In court documents, the diocese said that if it didn’t pursue bankruptcy, money would be awarded to sexual abuse survivors “piecemeal” — and the diocese might run out of money before some survivors were ever compensated. The diocese said filing for bankruptcy was the best way “to fairly and equitably address the claims of survivors while ensuring that the mission and ministry of the (diocese) continues.”

Serbin said he’s skeptical about that explanation.

“Having done this work for 32 years and seeing what the dioceses have done from a legal perspective, I don’t think their primary concern is fairness to the survivors of abuse by their employees,” Serbin said. “I think their concern is themselves.”

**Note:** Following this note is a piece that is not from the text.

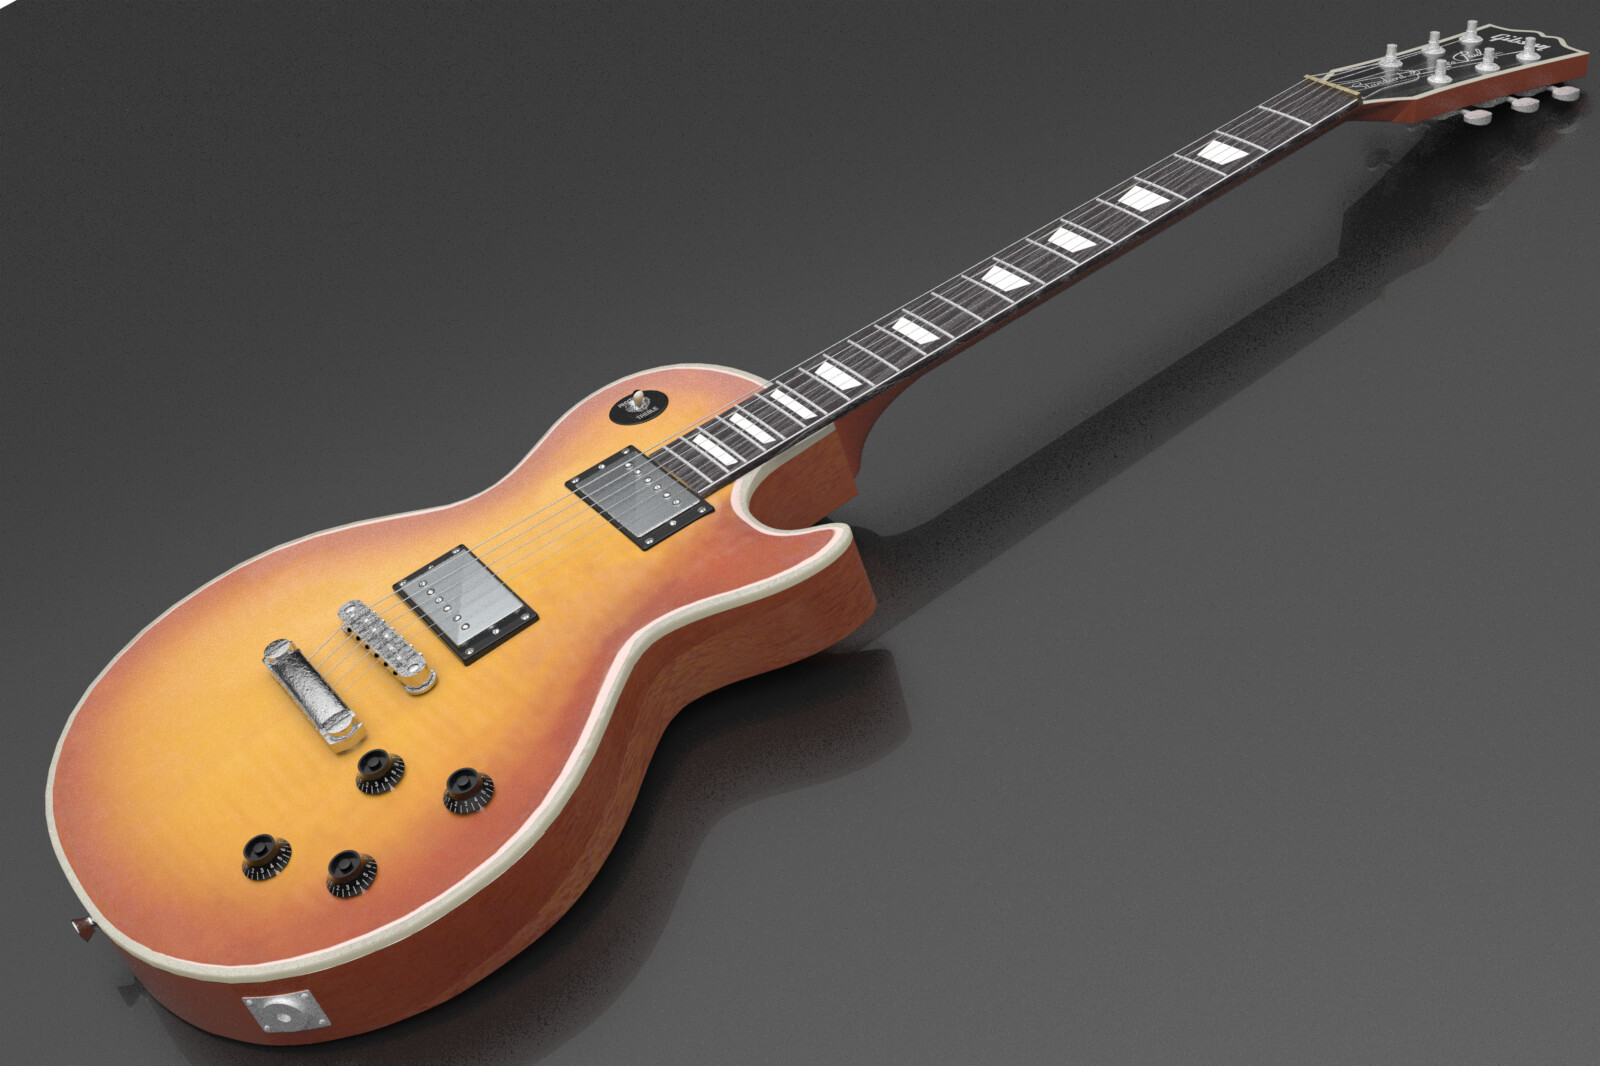 Gibson Les Paul modeled in Modo - this is an in-modo render. I converted this model to a native ArchiCAD object, with appropriate vectorial cleanups and the ability for the materials to be easily tweaked in use.

Shaun Dougherty, a national board member for the Survivors Network of Those Abused by Priests, sees the bankruptcy efforts as an attempt by the church to prevent victims from receiving the compensation they deserve.

“How much is a victim supposed to take? …It’s devastating,” Dougherty said.

Dougherty was speaking from Rome on Wednesday, where he traveled to follow-up on last year’s sex abuse prevention summit hosted by the Vatican. Dougherty says he was abused as a child by a priest in the Altoona-Johnstown diocese.